Except it doesn't. While Ted Miller of ESPN looks at the behind-the-scenes controversy in creating the four-team event, the real issues with this playoff lay in the public arena—the same public arena that turned their back on the BCS.
There are two comments that can sum up the anti-BCS rhetoric: "It's not fair," and, "How do we know?" That's it folks; that's the anti-BCS arguments.
"It's not fair" encompasses the financial arguments as well as the "my team got left out" arguments. "How do we know?" is a great catch all for the Alabama over Oklahoma State or Oklahoma over Auburn or Utah argument.
Those two questions are the tent poles of the anti-BCS faction that has grown rabid and quite entitled in their bold push to get the playoff that they feel they deserve.
With a four-team playoff coming, the saddest part about the "playoff fixes everything" mentality is that it fails to actually address the problems. If non-BCS teams thought it was not fair before, good luck getting into a major bowl game now that there is no clause to force the Rose, Sugar, Orange or Fiesta to select your team.

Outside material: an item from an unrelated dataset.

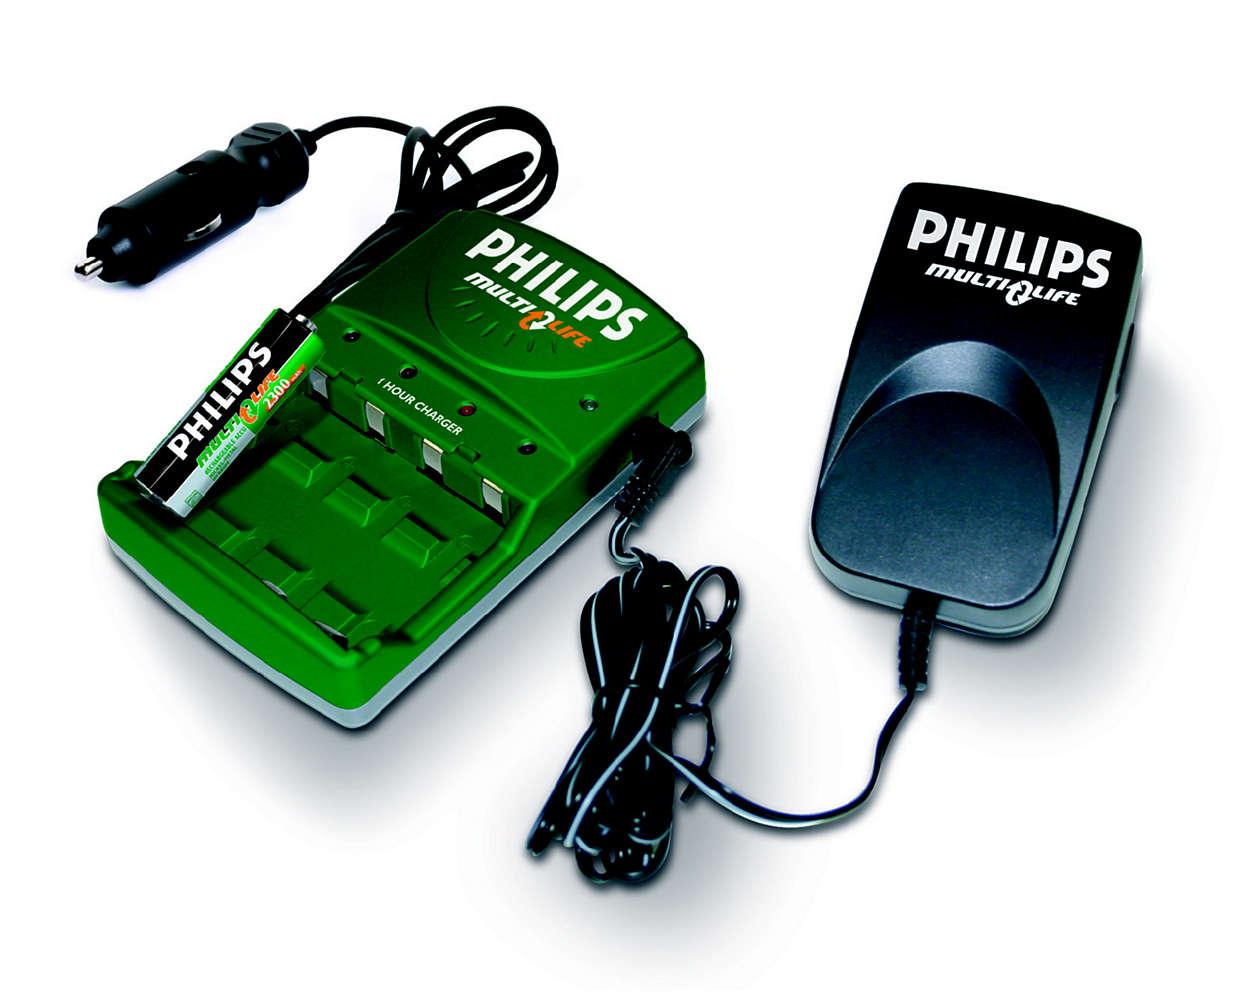 Laad 1 tot 4 batterijen in maximaal 45 minuten op

We're going to be staring at huge revenue windfalls for four-team participants; that is not going to close the wealth gap or raise all conferences to a level playing field.
As for the "how do we know?" question, we've traded out one hell for another. Instead of people whining about No. 2 versus No. 3, we now have whining over No. 4 versus No. 5. It's not better; it might well be worse.
When you're talking about the fourth-best team, there are legitimately three or four teams that can make a claim to be No. 4. That's more than the two or three that can make the No. 2 spot claim.
While Dink and Dunk were arguing that "anything is better than the BCS," they missed the part about why the BCS didn't work for them. The BCS became so hated that people failed to see what they actually disliked about it: the mechanisms for decision making.
Those same mechanisms are in play now. In fact, the new system is open to problems just like the BCS. Good luck closing the revenue gap. Good luck getting into a bowl game when the bowls are no longer forced to select you.
I'm sure that the No. 5 team in 2014 will smile, accept their Orange Bowl bid and say, "Well, them's the breaks." You know, the same way every No. 3 team in the BCS did.